## Entries supplied
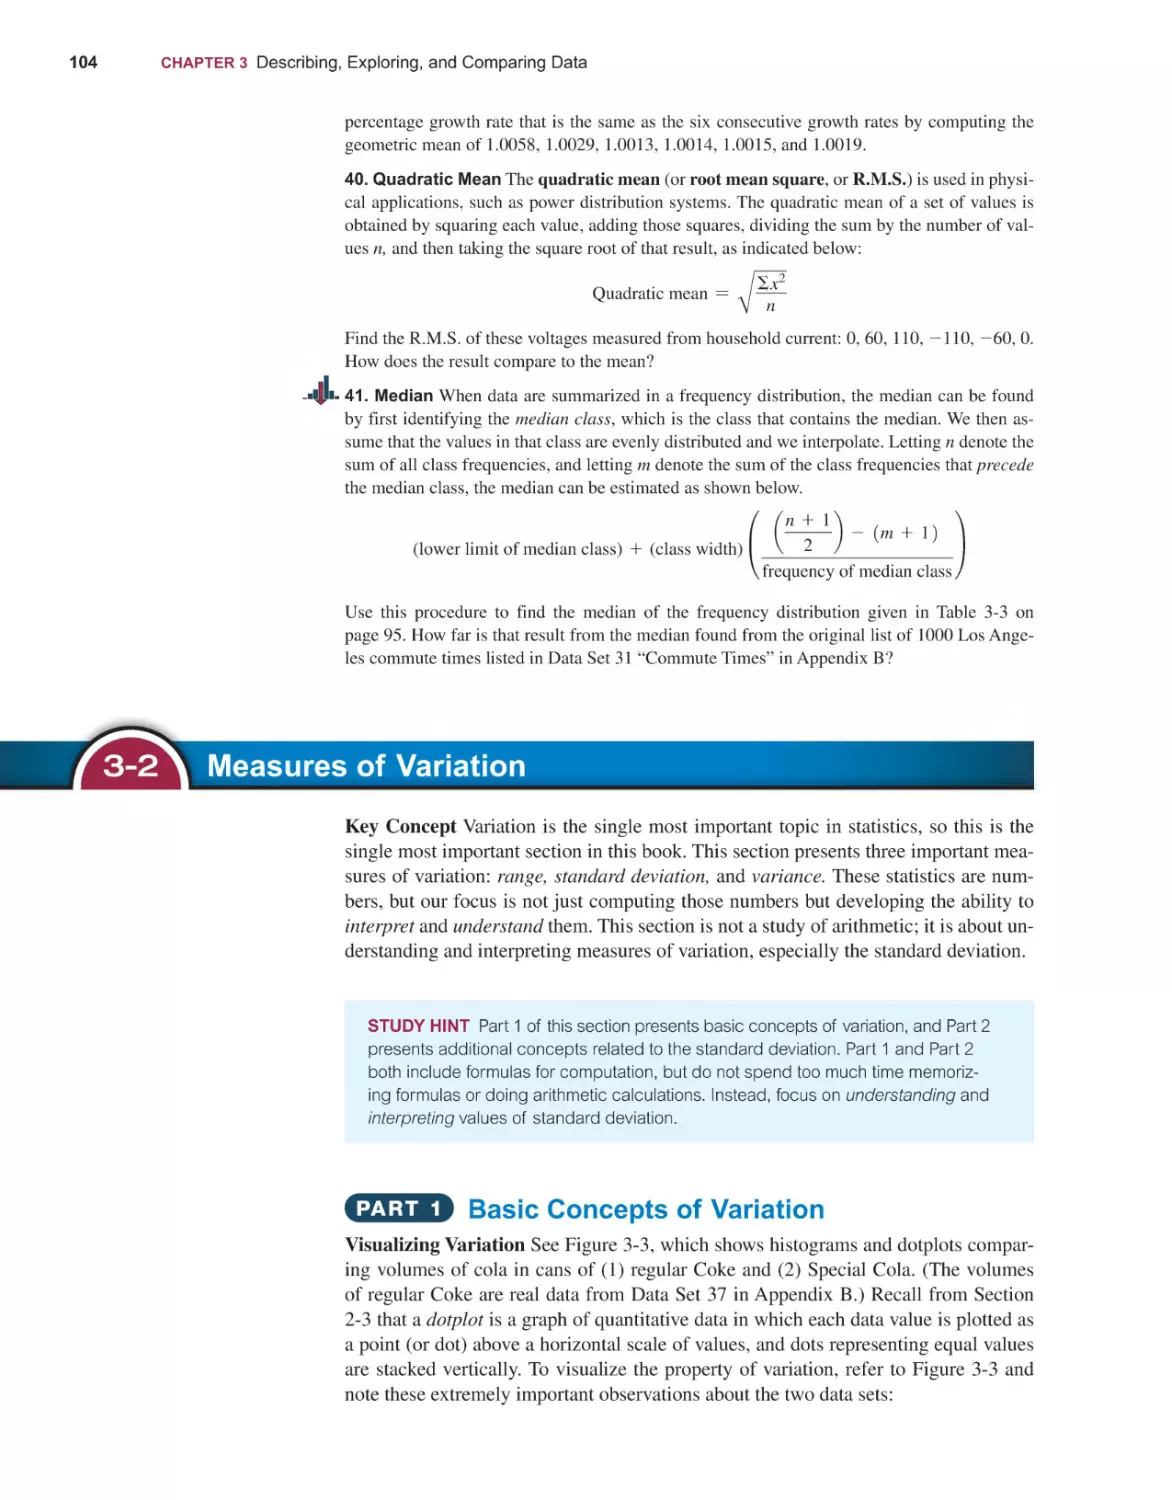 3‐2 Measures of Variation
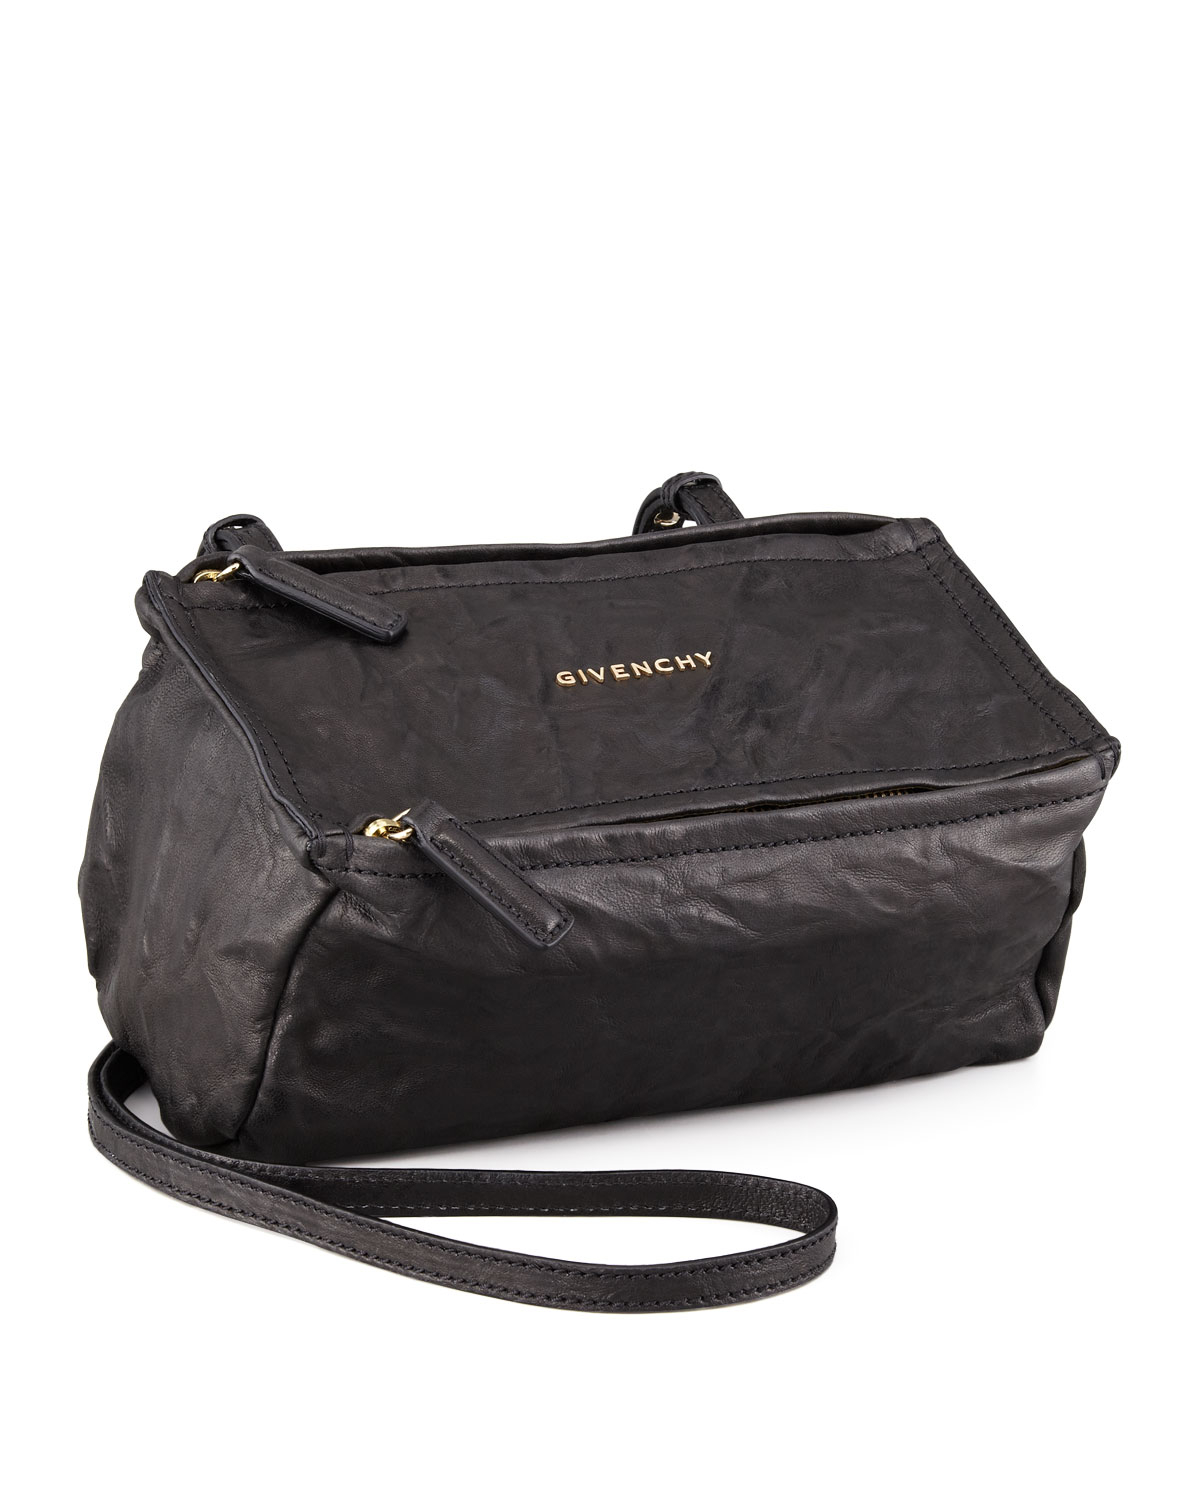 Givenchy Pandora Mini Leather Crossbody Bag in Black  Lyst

==

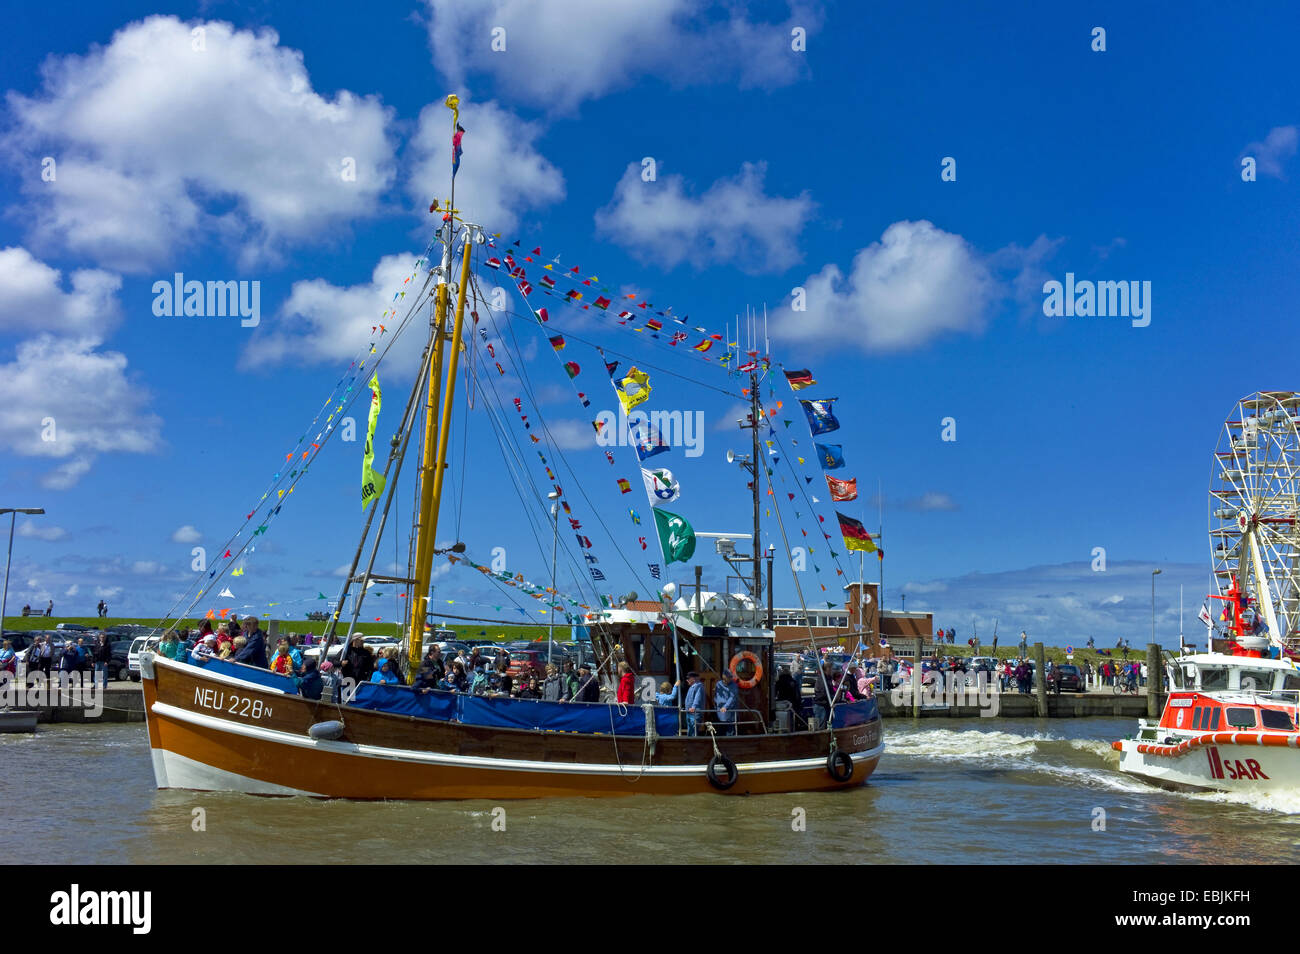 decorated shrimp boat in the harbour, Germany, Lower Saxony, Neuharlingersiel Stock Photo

## What to do
Of the records above, print only the lines from the one containing "3‐2 Measures of Variation" through the one containing "Givenchy Pandora Mini", inclusive and unaltered, leaving out pictures.

## Task output
 3‐2 Measures of Variation
 Givenchy Pandora Mini Leather Crossbody Bag in Black  Lyst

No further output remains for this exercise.